== PROVIDED DATA ==
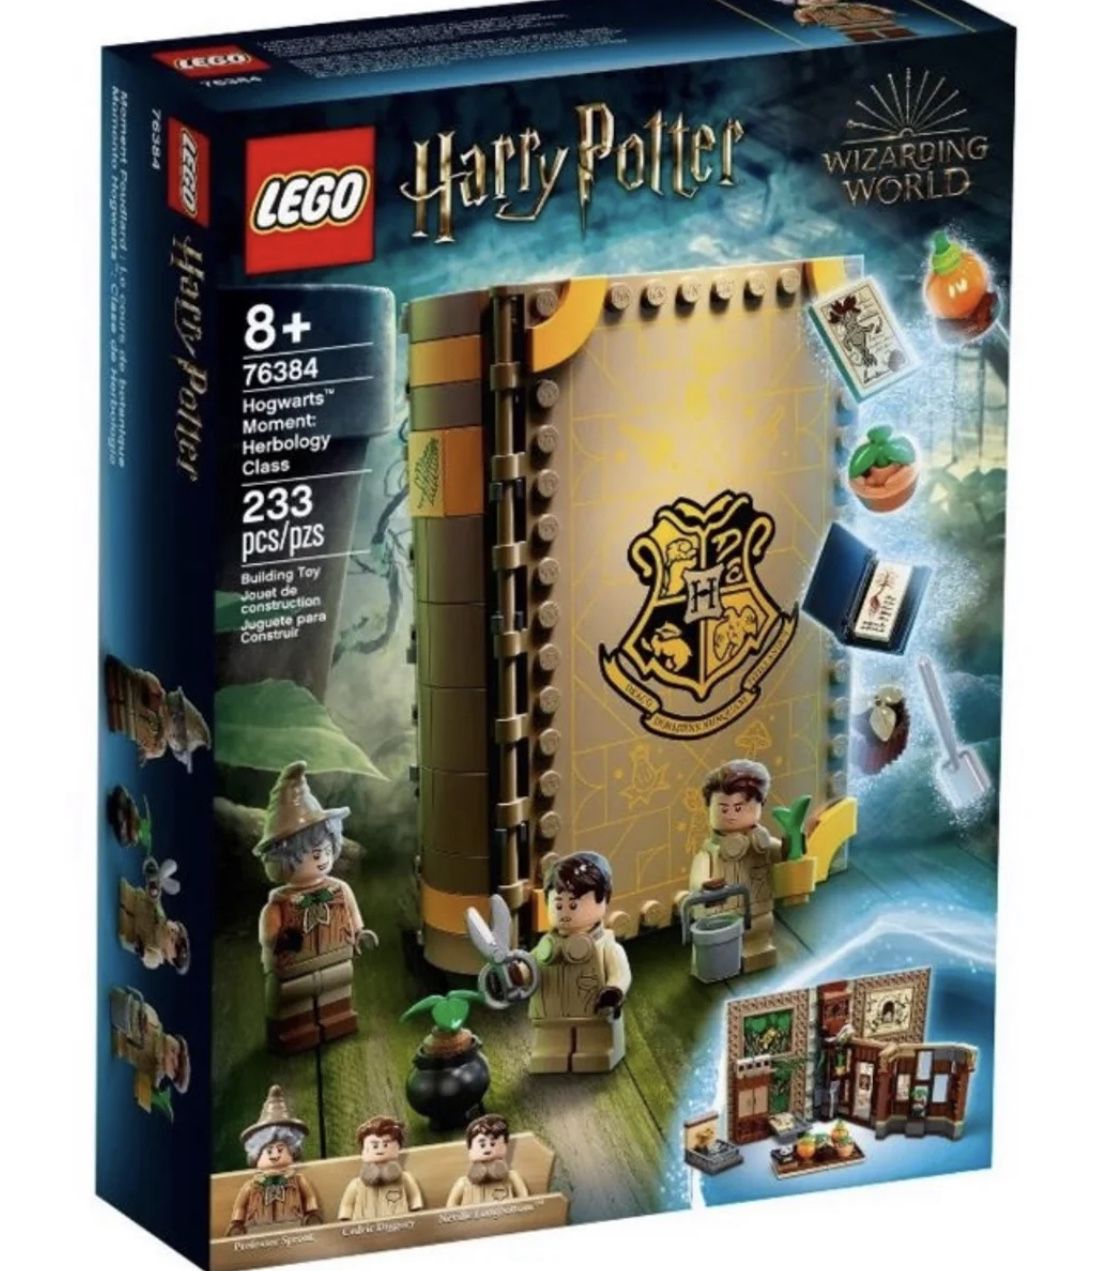 LEGO Harry Potter Hogwarts Moment: Herbology Class 76384 LEGO Brick Book Playset (232 pieces)
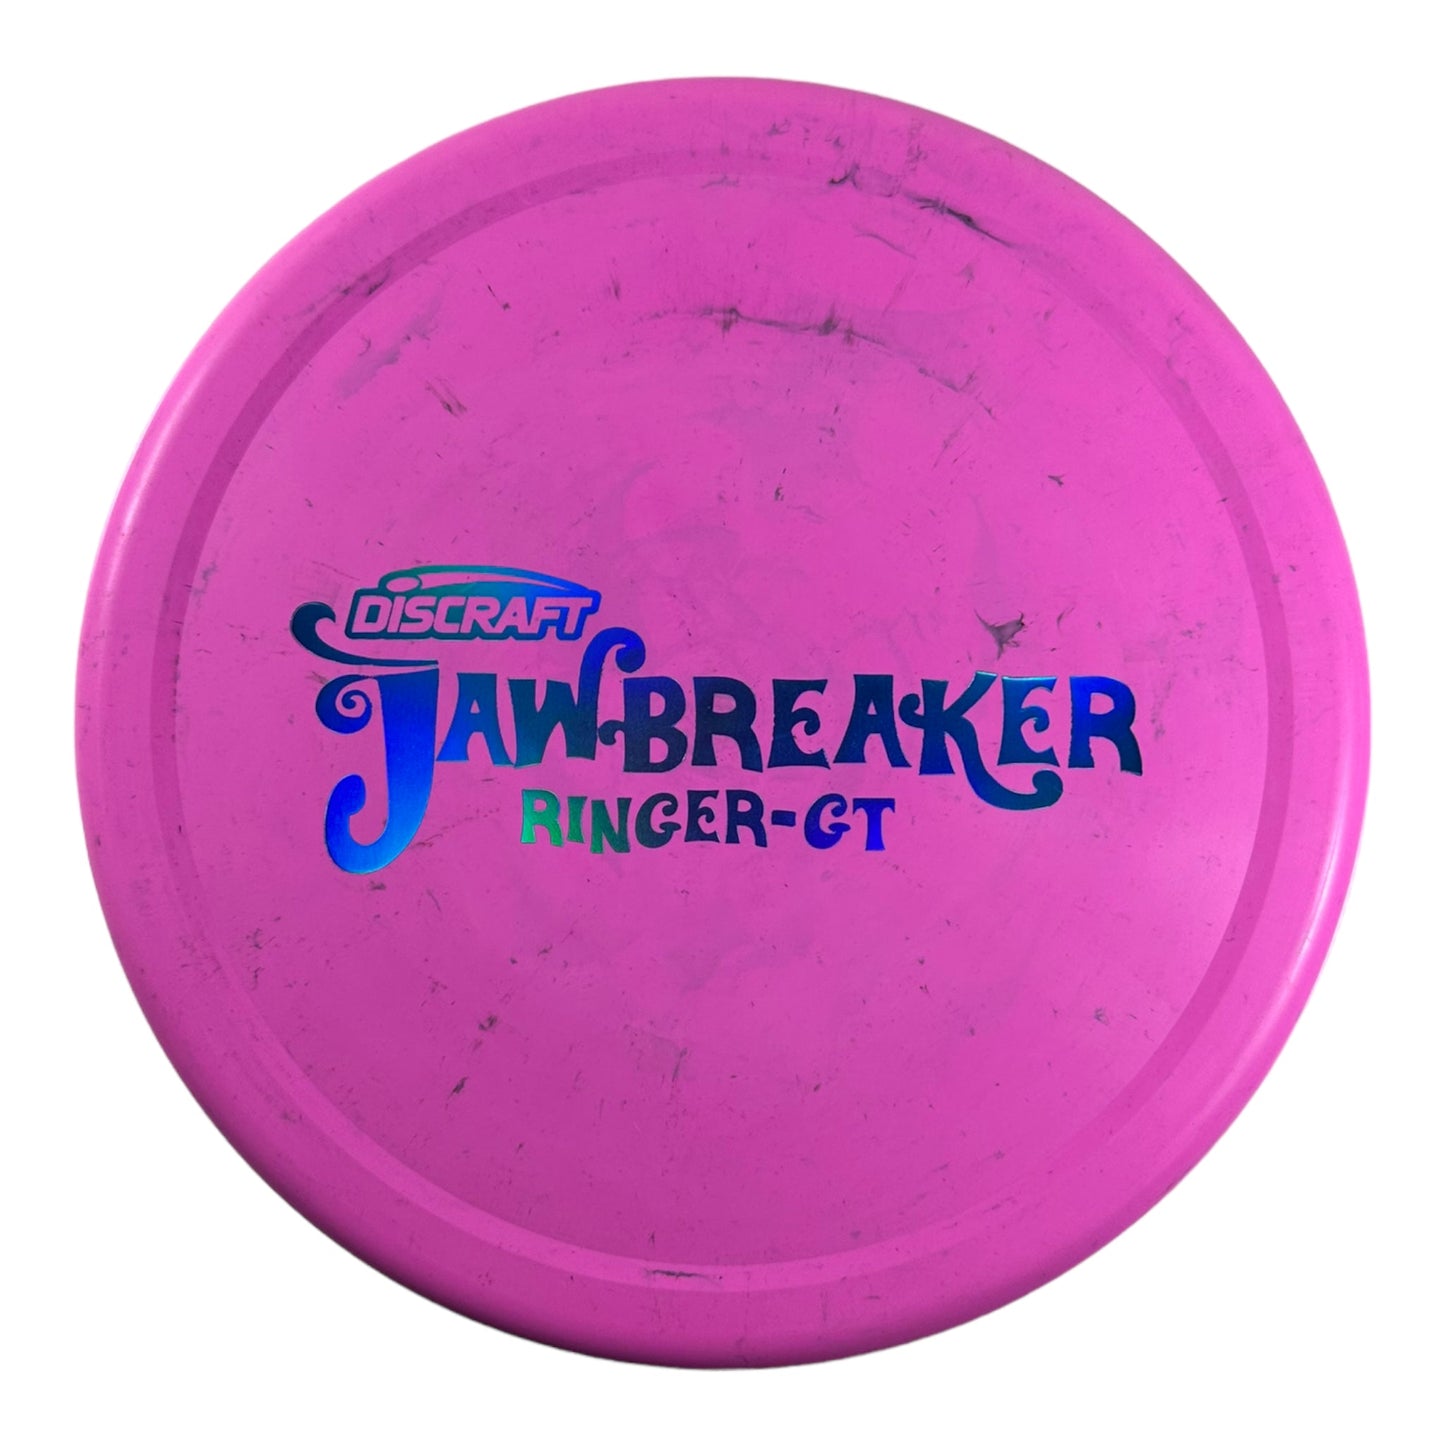 Discraft Ringer-GT | Jawbreaker | Pink/Blue 151g Disc Golf
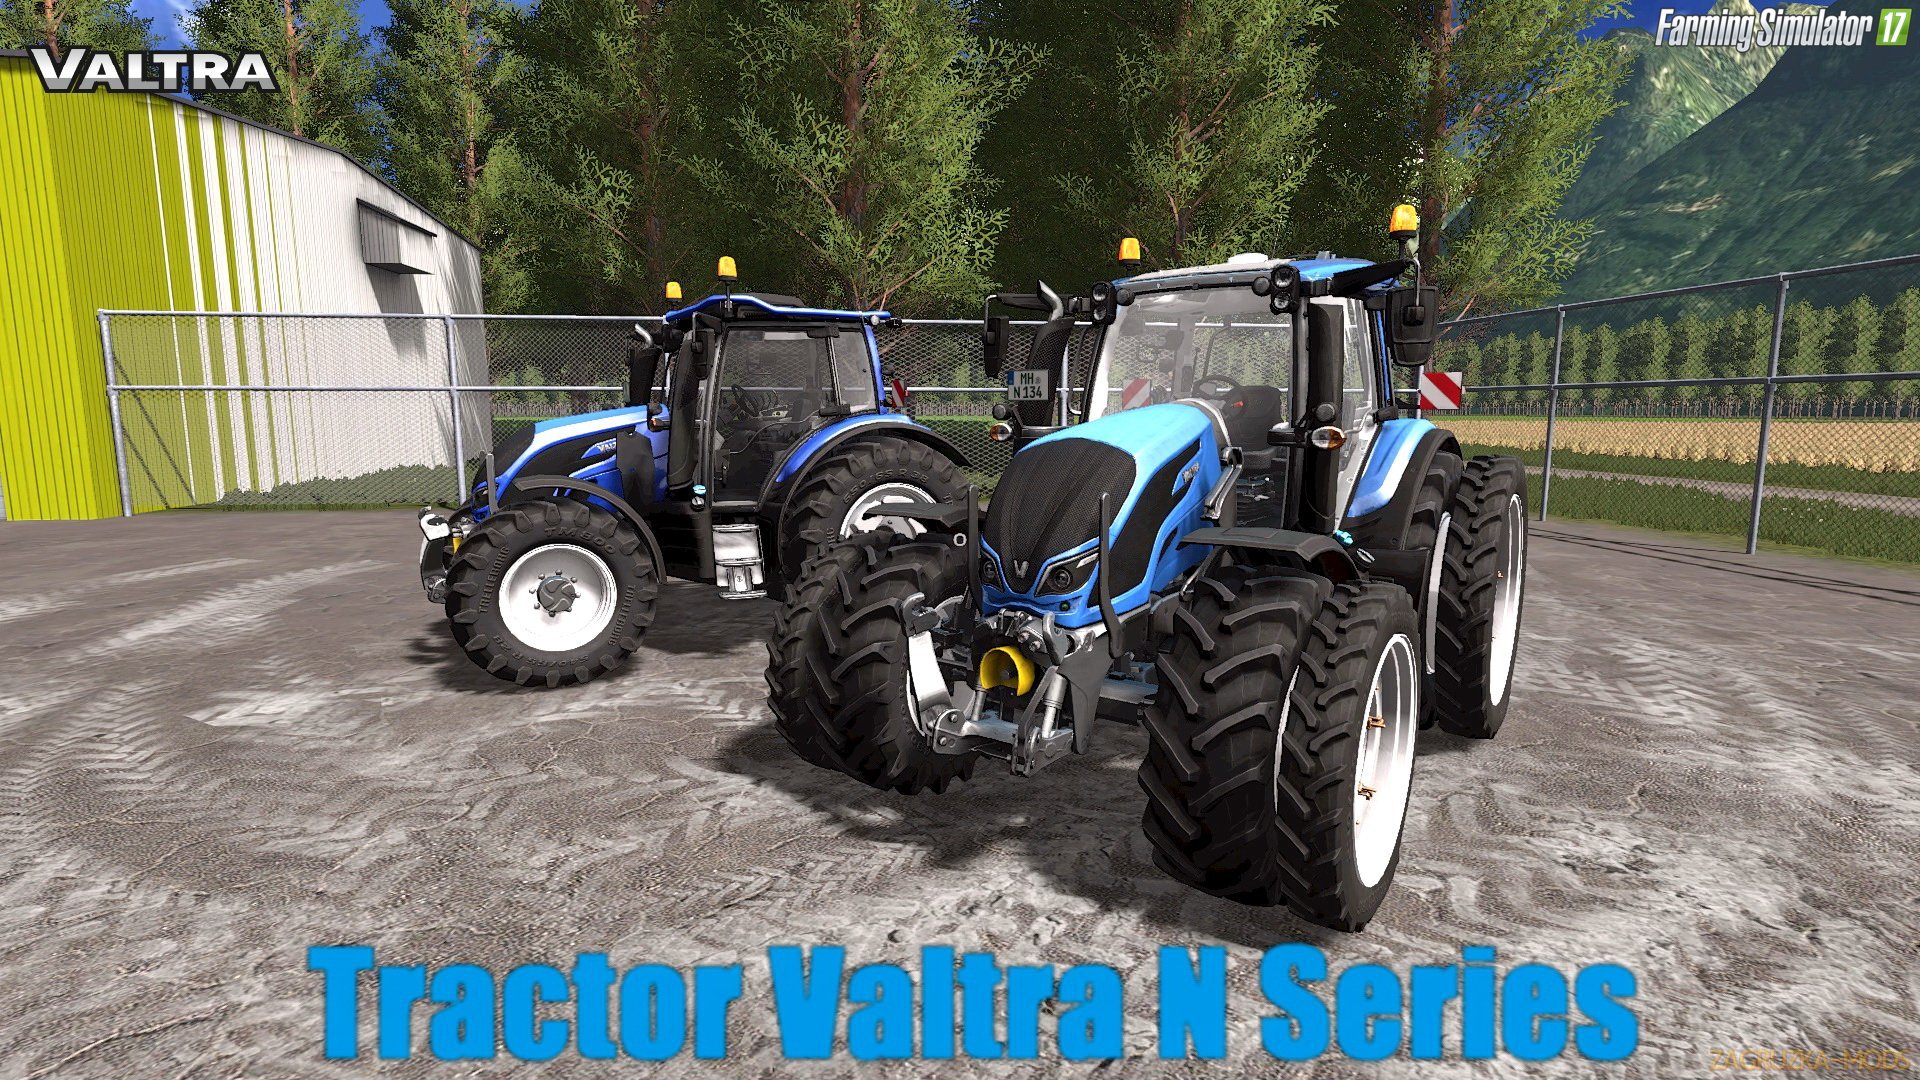 Valtra N Series v2.0 for FS 17

== HOW TO COMPLETE THIS TASK ==
Before writing out the material above, please remove its pictures; everything else stays exact.

== EXERCISE OUTPUT ==
 LEGO Harry Potter Hogwarts Moment: Herbology Class 76384 LEGO Brick Book Playset (232 pieces)
 Discraft Ringer-GT | Jawbreaker | Pink/Blue 151g Disc Golf
 Valtra N Series v2.0 for FS 17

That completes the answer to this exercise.